Proteus species TSI results?
P. mirabilis: K/A + H2S; P. vulgaris: A/A + H2S.
Proteus species Urease test?
Positive.
Proteus species Indole test?
P. mirabilis negative; P. vulgaris positive.
Campylobacter jejuni Morphology?
Gram-negative curved or spiral-shaped bacillus (“comma shaped”).
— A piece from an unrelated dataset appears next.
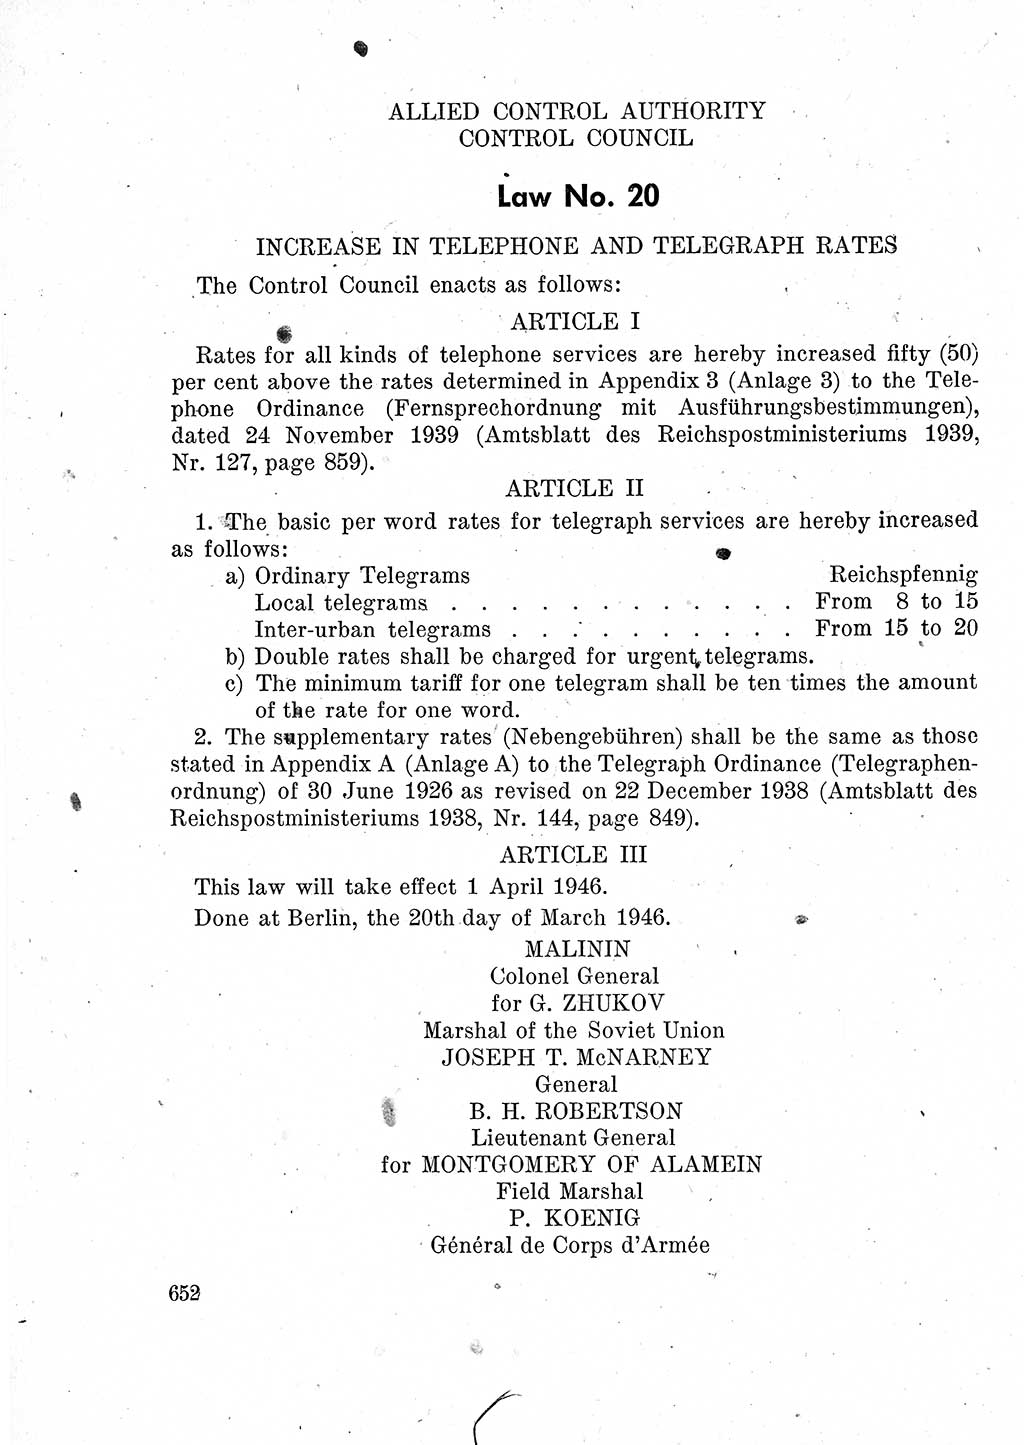 Das Recht der Besatzungsmacht (Deutschland), Proklamationen, Deklerationen, Verordnungen, Gesetze und Bekanntmachungen 1947, Seite 652 (R. Bes. Dtl. 1947, S. 652)
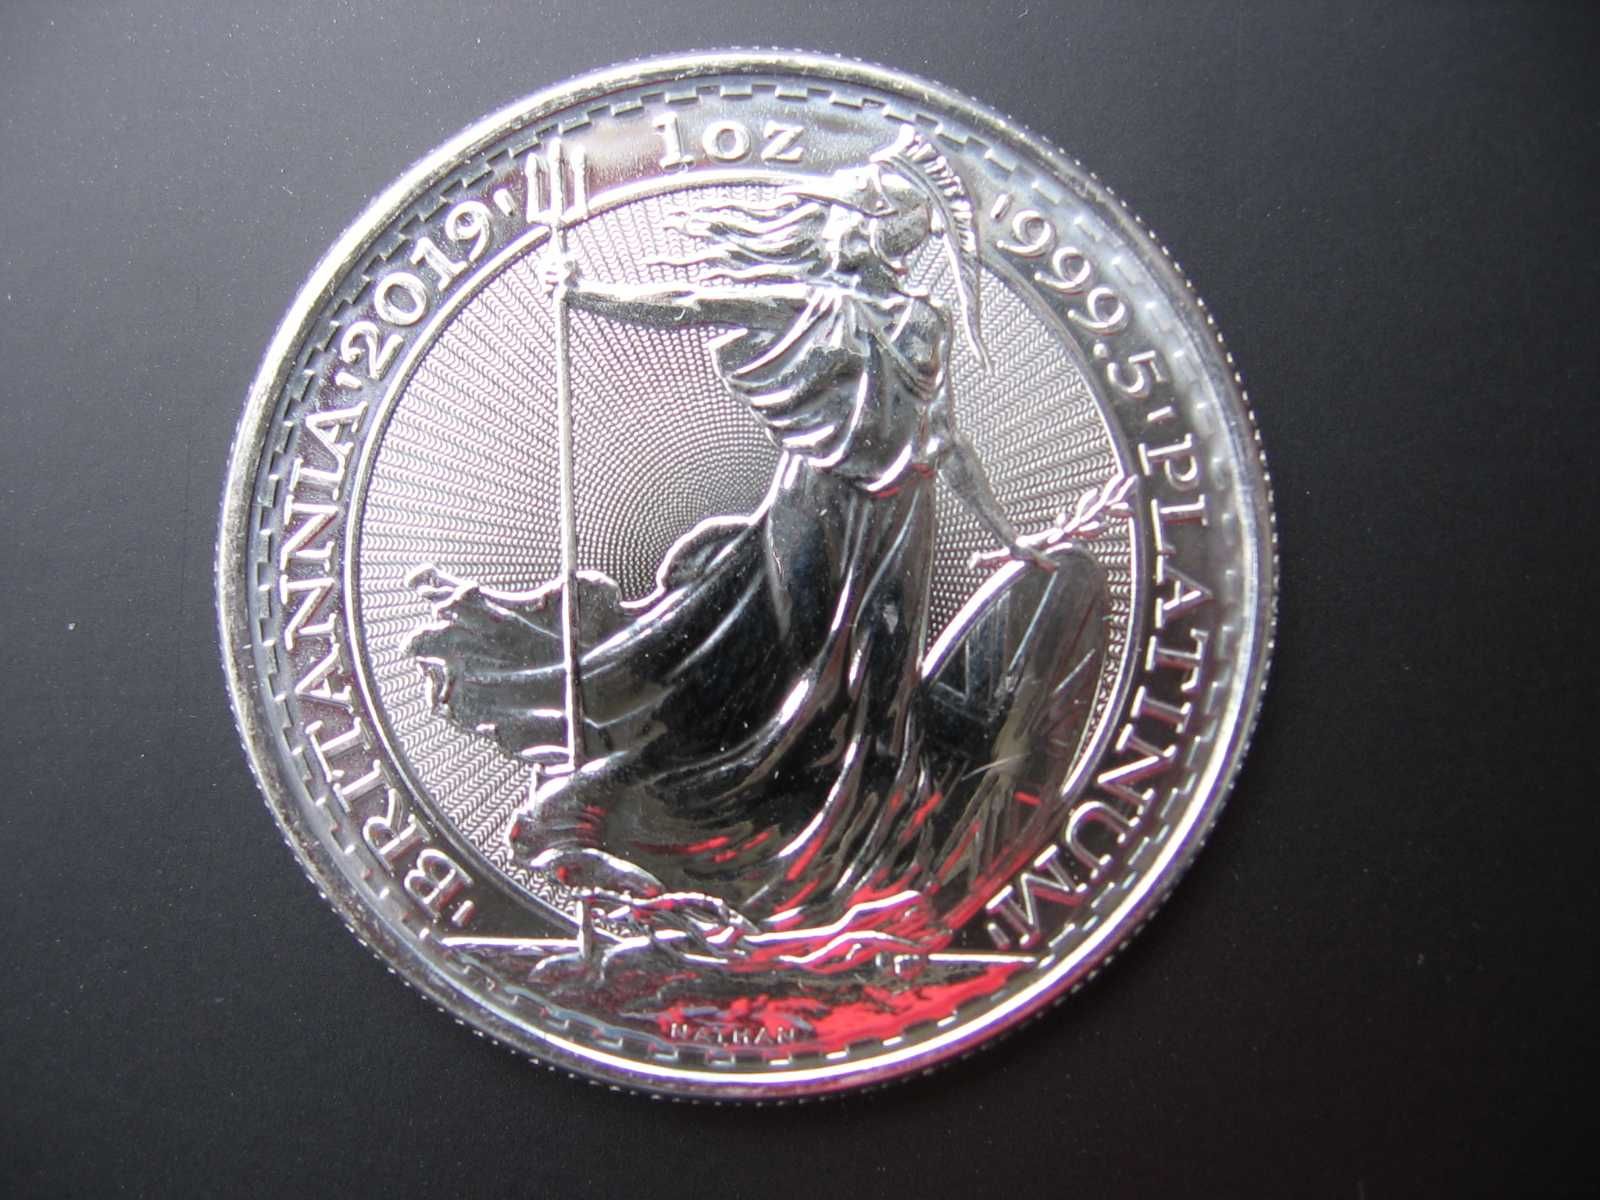 Монета 100 Фунтов "Британия"-Платина 31.1грамм(999проба)отл.инвестиция

Campylobacter jejuni Motility?
Motile with peritrichous flagella.
Campylobacter jejuni requirement?
Microaerophilic (5% O2, 10% CO2).
Campylobacter jejuni Optimal growth temperature?
42°C.
Campylobacter jejuni Major source?
Poultry.
Campylobacter jejuni Disease?
Bloody diarrhea, fever, abdominal pain.
Campylobacter jejuni Post-infectious sequelae?
Guillain-Barré syndrome, Reiter’s syndrome.
Campylobacter jejuni Lab diagnosis?
CAMPY Blood Agar, 42°C incubation, microaerophilic, oxidase +, catalase +, hippurate +.
Helicobacter pylori Morphology?
Gram-negative, spiral or comma-shaped, highly motile.
Helicobacter pylori Oxygen requirement?
Microaerophilic.
Helicobacter pylori Site of infection?
Stomach (gastric mucosa).
Helicobacter pylori Diseases?
Chronic gastritis, peptic ulcers, gastric carcinoma.
Helicobacter pylori Virulence factors?
Urease, VacA (vacuolating toxin), mucinase.
Helicobacter pylori Function of urease?
Neutralizes stomach acid (NH3 + HCl → NH4Cl).
Helicobacter pylori Function of mucinase?
Degrades mucus layer; exposes epithelium to acid.
Helicobacter pylori Function of VacA?
Disrupts epithelial cells; promotes apoptosis and T-cell dysfunction.
Helicobacter pylori Lab diagnosis?
Skirrow’s medium (Blood agar + antibiotics), microaerophilic (5% O2, 10% CO2).
Helicobacter pylori Rapid Urease Test?
Positive (turns magenta/bright pink).
Helicobacter pylori Cancer association?
10–20% lifetime risk of ulcers; 1–2% risk of gastric cancer.
Watery diarrhea pathogens?
ETEC, EPEC.
Bloody diarrhea pathogens?
EHEC, EIEC, EAEC, Shigella, Campylobacter.
UTI pathogens?
UPEC, Proteus, occasionally Klebsiella.